# Bonsai



## Dan Crawford (19 May 2008)

Anyone a Bonsai keeper, i've been asked to have a look at one for a friend coz it's kinda suffering and just wondered how many people kept them?


----------



## Luketendo (20 May 2008)

I was trying to grow one from a seed but they never took off, sorry.


----------



## LondonDragon (20 May 2008)

I got one that was about 15 years old and managed to kill it off in less than a month, so I am not much help either!    :?


----------



## Steve Smith (20 May 2008)

NPK all the way 

No, I have no idea... Something I would like to get into one day, but I'm not sure I have the patience and inner calm required.


----------



## Dan Crawford (20 May 2008)

SteveUK said:
			
		

> NPK all the way


I banged a bit of that in for good measure, can't hurt i'm sure. :?:


----------



## Aqua Essentials (20 May 2008)

I have kept Bonsai for years and they are very simple to look after.  Most people fail because they forget to water them - that's all.  Bonsai have very small pots so they dry out quickly.

I have found too much fertiliser has a negative effect, leaves drop off etc.  I fertilise once  a week and water daily.  No other secrets for me.  In spring/summer I prune where necessary.  My current tree is about 12 years old and I've had it since it was 3 or 4 years old.


----------



## Dan Crawford (20 May 2008)

Cheers Richard, what fertaliser do you use?


----------



## lstratton (20 May 2008)

I've got one that is 18years old that I my sister and I bought for my old sister, who almost killed it within a few weeks, so my mum stole it off her and I now look after it.
It is looking a bit wild and woolly as I haven't trimmed it yet.  I left it all winter and am going to do it again, but am just deciding whether to repot it.
I never fertilise mine, so would love to know what you use, I'm sure mine will love me for that!
I water whenever the soil starts to look dry, so in the summer that is everyday, but in the winter it is every few days, sometimes a week, depending on how cold it gets in the house.


----------



## Aqua Essentials (20 May 2008)

Dan Crawford said:
			
		

> Cheers Richard, what fertaliser do you use?



Nothing special - just a commercially available one that I've had for years.  I think it's Chempak or something like that.


----------



## Joecoral (20 May 2008)

i've always fancied one but never given it a go. where does one acquire a Bonsai, are there special bonsai shops or can you get them from a garden centre?


----------



## Dan Crawford (20 May 2008)

you can get them in Wyvales etc but i bet it's like anything, if you go to a fish breeder you generally get better fish and so on so i suppose your local Bonsai club would be the best place to go although it might be a bit more expensive?


----------



## Iliveinazoo (20 May 2008)

I'm not an expert keeper but I've had one large one for about 2 years and a smaller one for about 1 year.  as mentioned by others you only water when the soil looks dry, a really small thin bit of wood/plastic to poke down into the soil will tell you how wet/dry the soil is underneath the surface but don't poke about too much because you may damage the roots.

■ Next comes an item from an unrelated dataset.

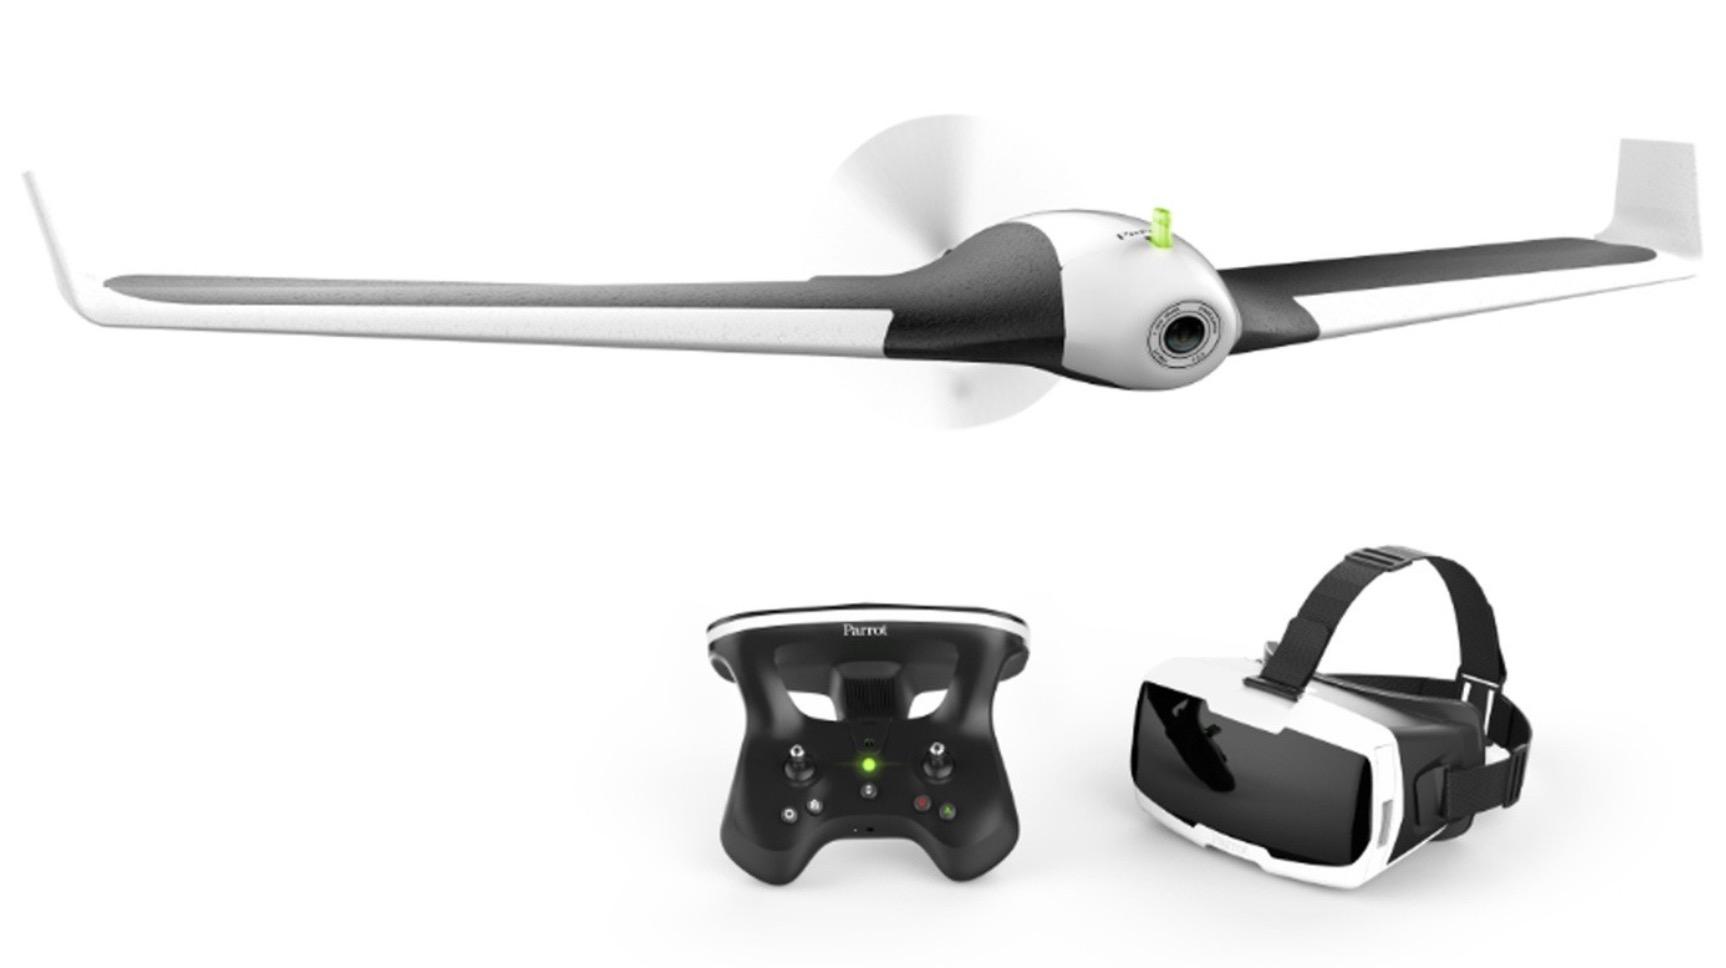 Code promo Darty : Drone Parrot Disco FPV + lunettes Immersion + radiocommande à 249,99€ (+30€ offerts en carte cadeau)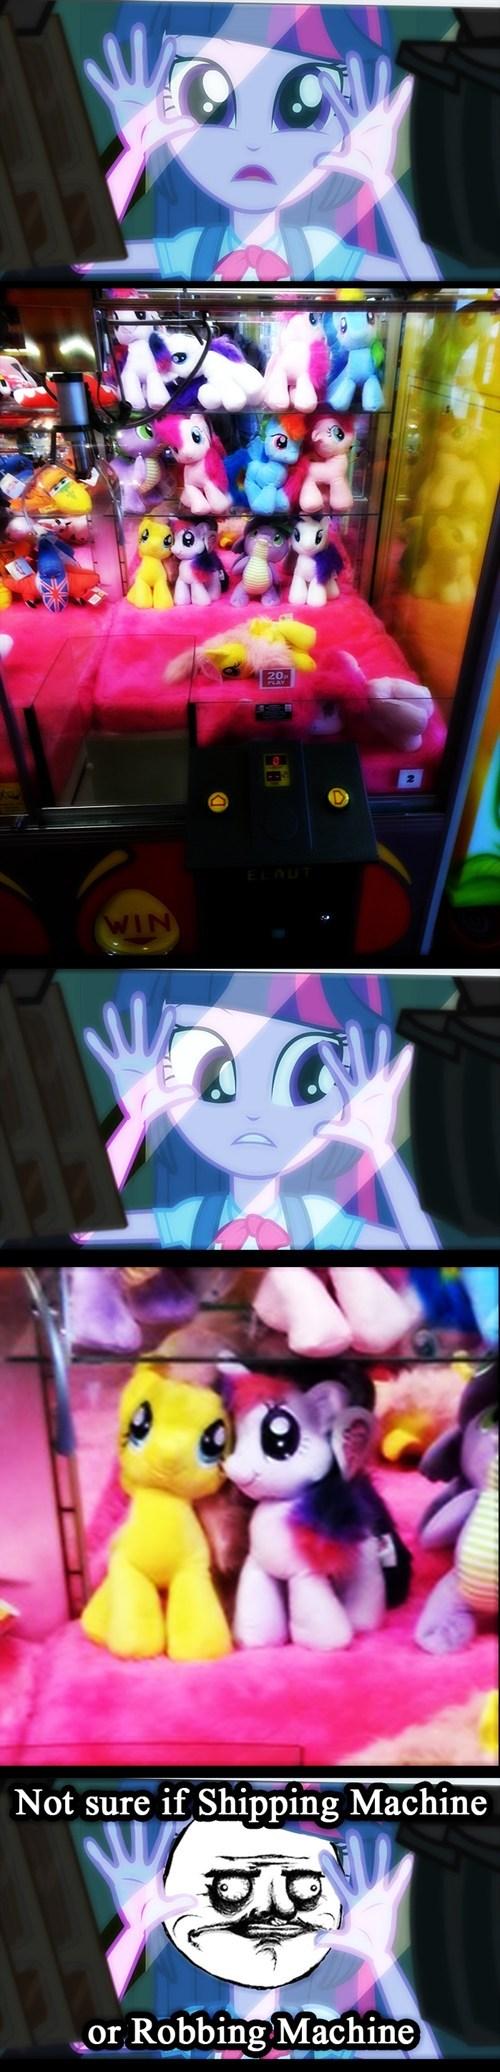 equestria girls twilight sparkle ship - 7824465664

I use a test-tube-style drip feeder especially for bonzais as a fertliser. They seem to work better for me than adding the liquid ferts to the watering can once a week.

On where to get one - it seems that every garden centre has a section for them. My 2 year old I bought at 1/2 price from a DIY shop.


----------



## Luketendo (20 May 2008)

My Maidenhead Aquatics has some really expensive and nice looking (and old) bonsais.


----------



## Aqua Essentials (20 May 2008)

For people new to bonsai, go to B&Q or Homebase - everyone I have ever gone to sells them.  They start at about Â£10

You can also get cool Japanese gear for bonsais on Ebay - lovely scissors, trimming tools and fertilisers


----------